Women selling grigris, amulets, old guns, gazelles’ dung, old copies of the Koran, annotated by pious Marabouts of the desert; musk, flutes, old silver-handled daggers, old iron knives that have alreadybeen plunged into men’s vitals; tom-toms, giraffes’ horns, and old guitars.

Beggars and vagabonds, the dregs of negro humanity, sit about under the gaunt, yellow cocoanut palms; old leper women stretching out hands covered with white ulcers for alms; old moribund skeletons, their legs swollen with elephantiasis, with big fat flies and maggots feeding on the open sores.

On the grounds ordure of all kinds.

And overhead, darting down its perpendicular rays, burns one of those scorching suns that seem to be almost on one’s head, the radiating heat roasting one, like a brazier too close to one.

And always, always, the desert for horizon—the infinite flatness of the desert.

It was there, before the wares displayed by one Bob-Bakary-Diam, that Jean halted with beating heart.
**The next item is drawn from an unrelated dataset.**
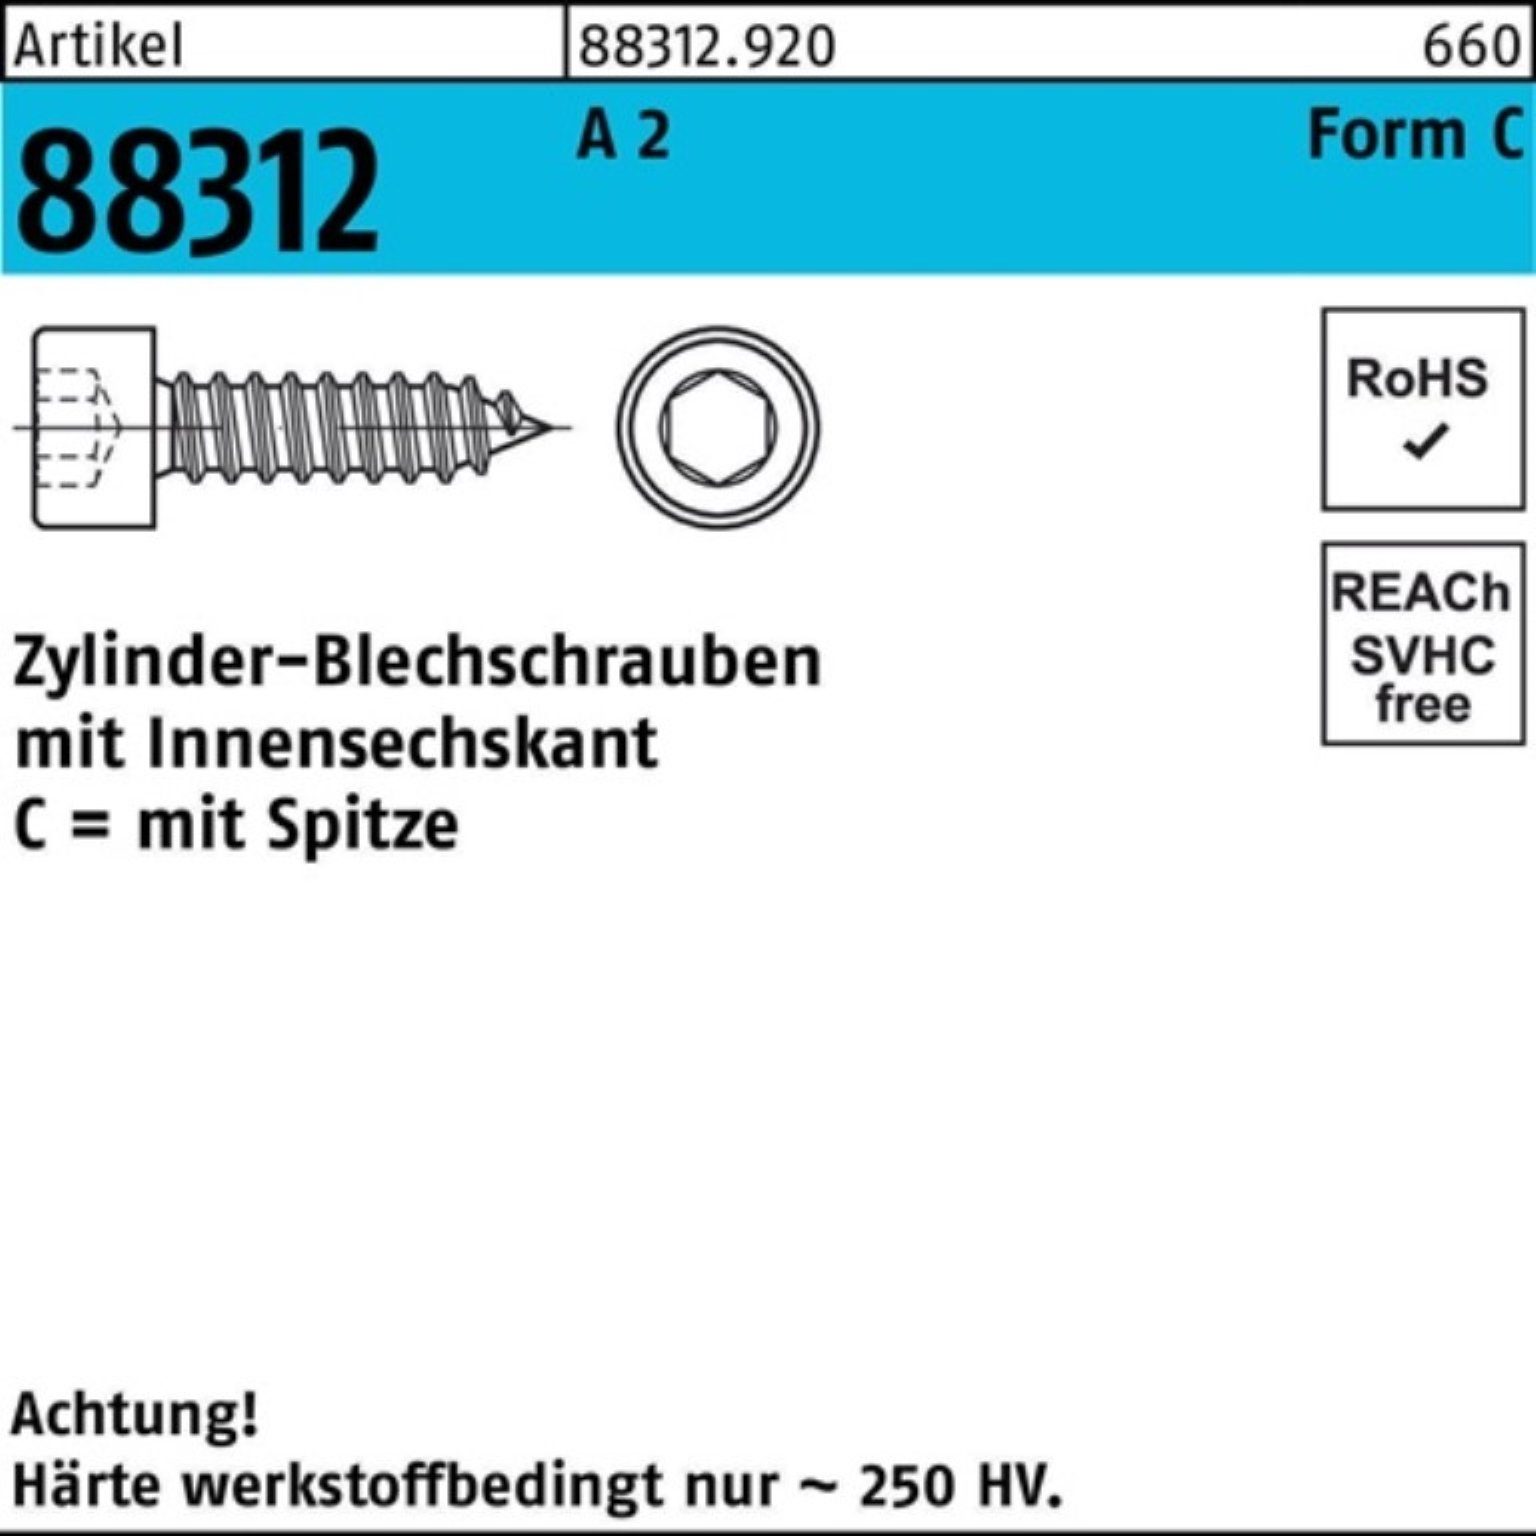 Reyher Blechschraube 500er Pack Zylinderblechschraube R 88312 Spitze/Innen-6kt C 5,5x 19 A

Hastily he cast anxious, scrutinising glances upon the hugger-mugger of objects scattered about in front of him.

“Ah, yes, my white man,” said Bob-Bakary-Diam in Yolof, with a quiet smile, “the watch that strikes! Four days ago the girl came and sold it to me for three silverkhâliss. Very sorry, my white man, but as it was a watch that struck, I sold it the very same day to a Trarzas chief, who left with a caravan for Timbuctoo.”